• **Stored data**:
● ● ● ● ●
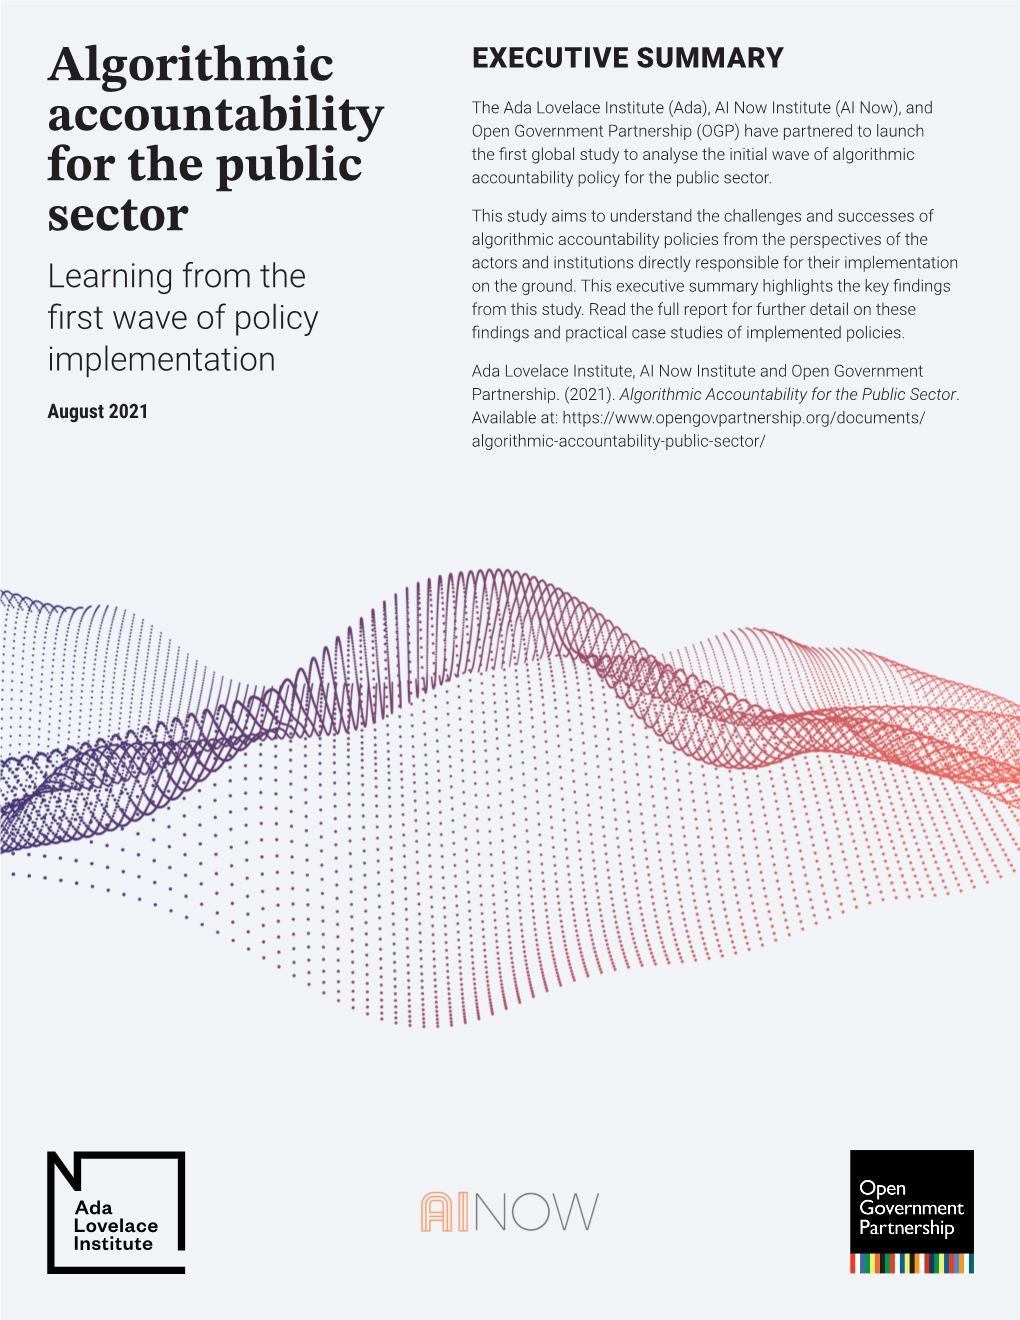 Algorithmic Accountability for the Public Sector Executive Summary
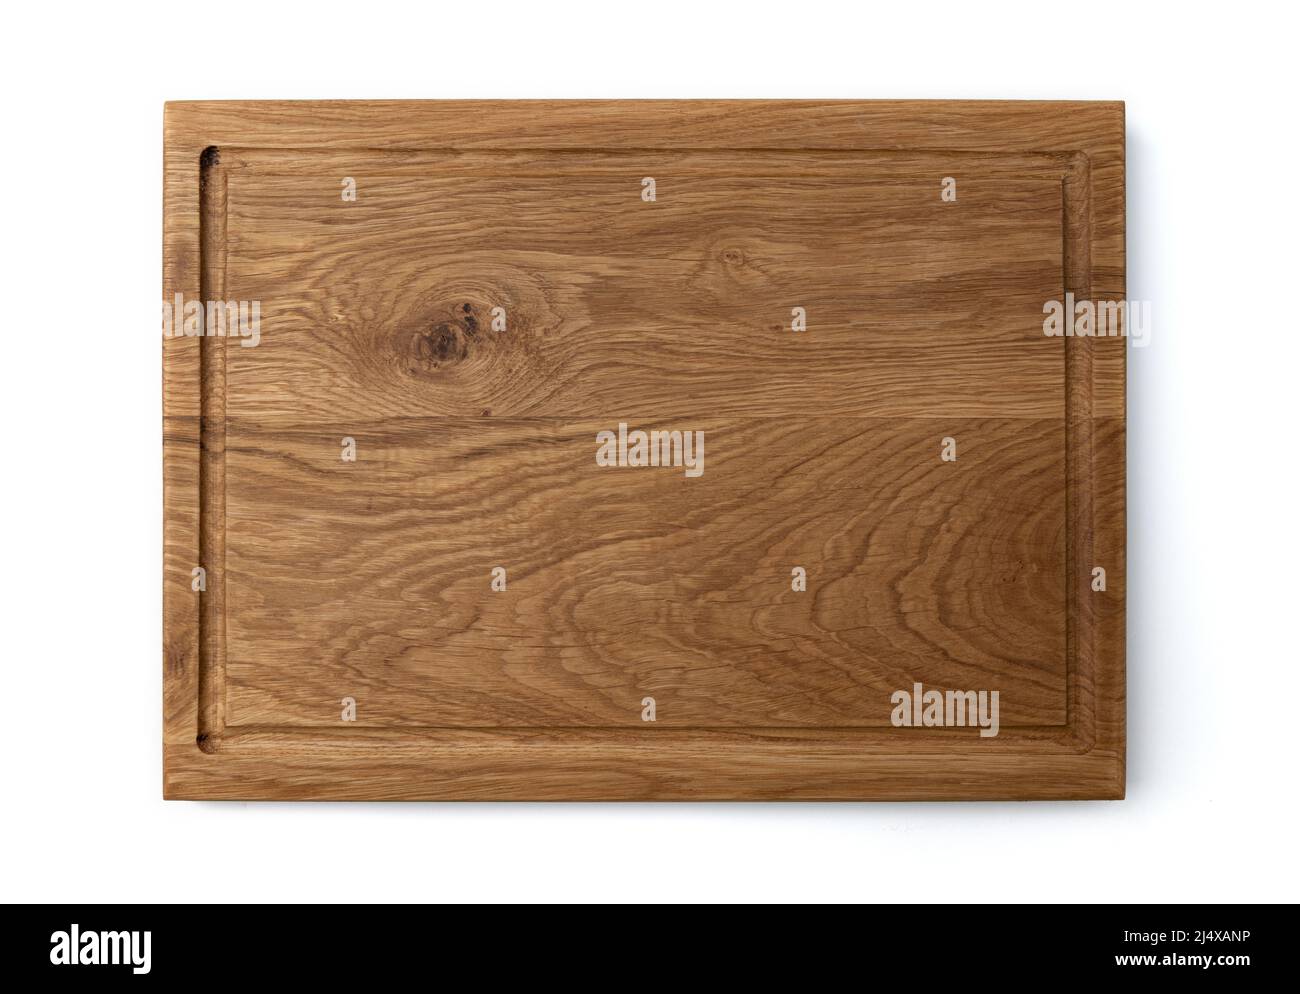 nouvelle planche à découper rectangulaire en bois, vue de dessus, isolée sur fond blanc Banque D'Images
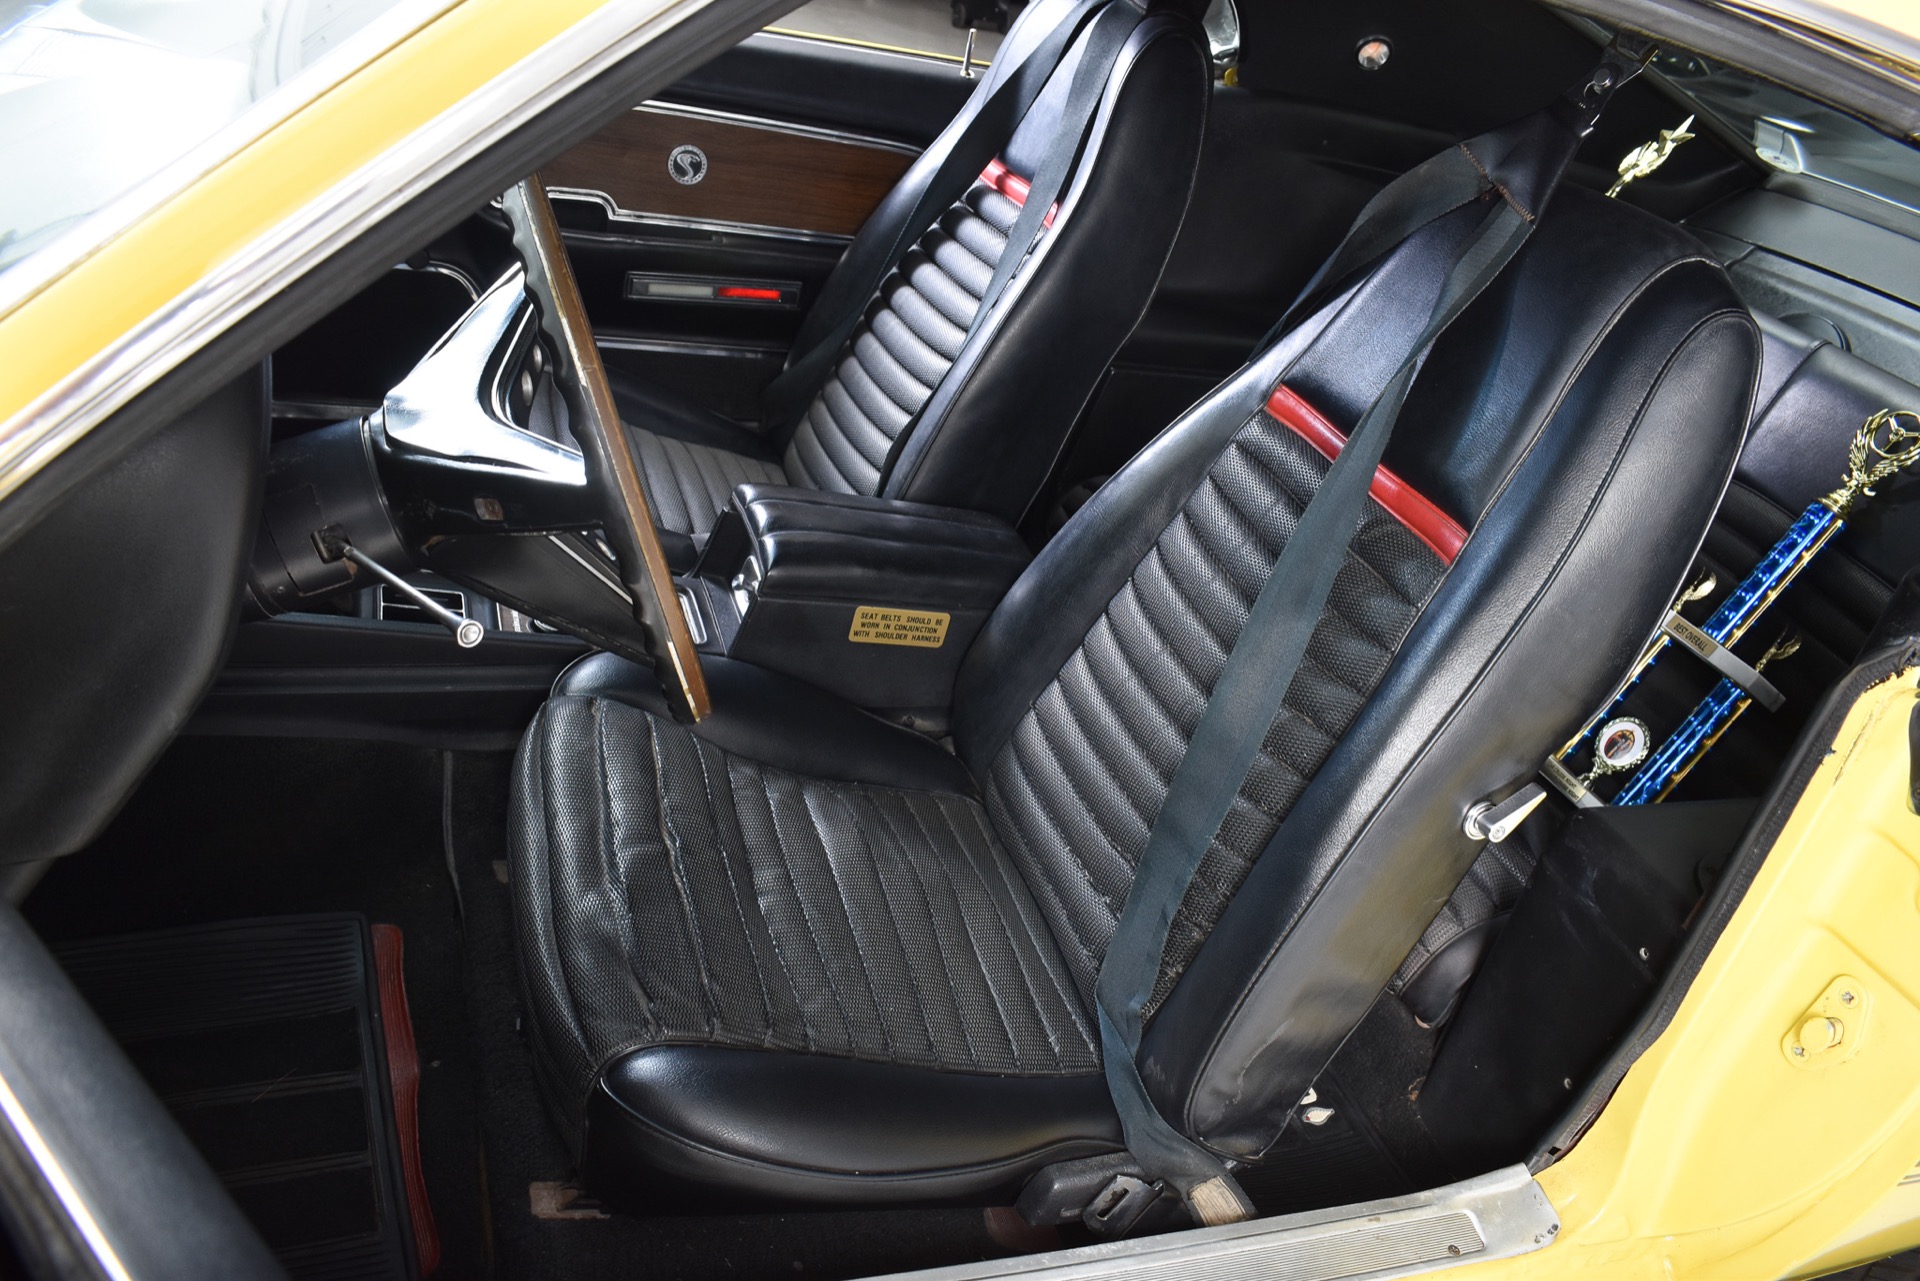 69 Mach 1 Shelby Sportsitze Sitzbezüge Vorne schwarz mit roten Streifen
● ● ● ● ●
• **Directions for this task**: In the copy, omit the pictures and give every line of the data exactly.

• **Reply**:
 Algorithmic Accountability for the Public Sector Executive Summary
 nouvelle planche à découper rectangulaire en bois, vue de dessus, isolée sur fond blanc Banque D'Images
 69 Mach 1 Shelby Sportsitze Sitzbezüge Vorne schwarz mit roten Streifen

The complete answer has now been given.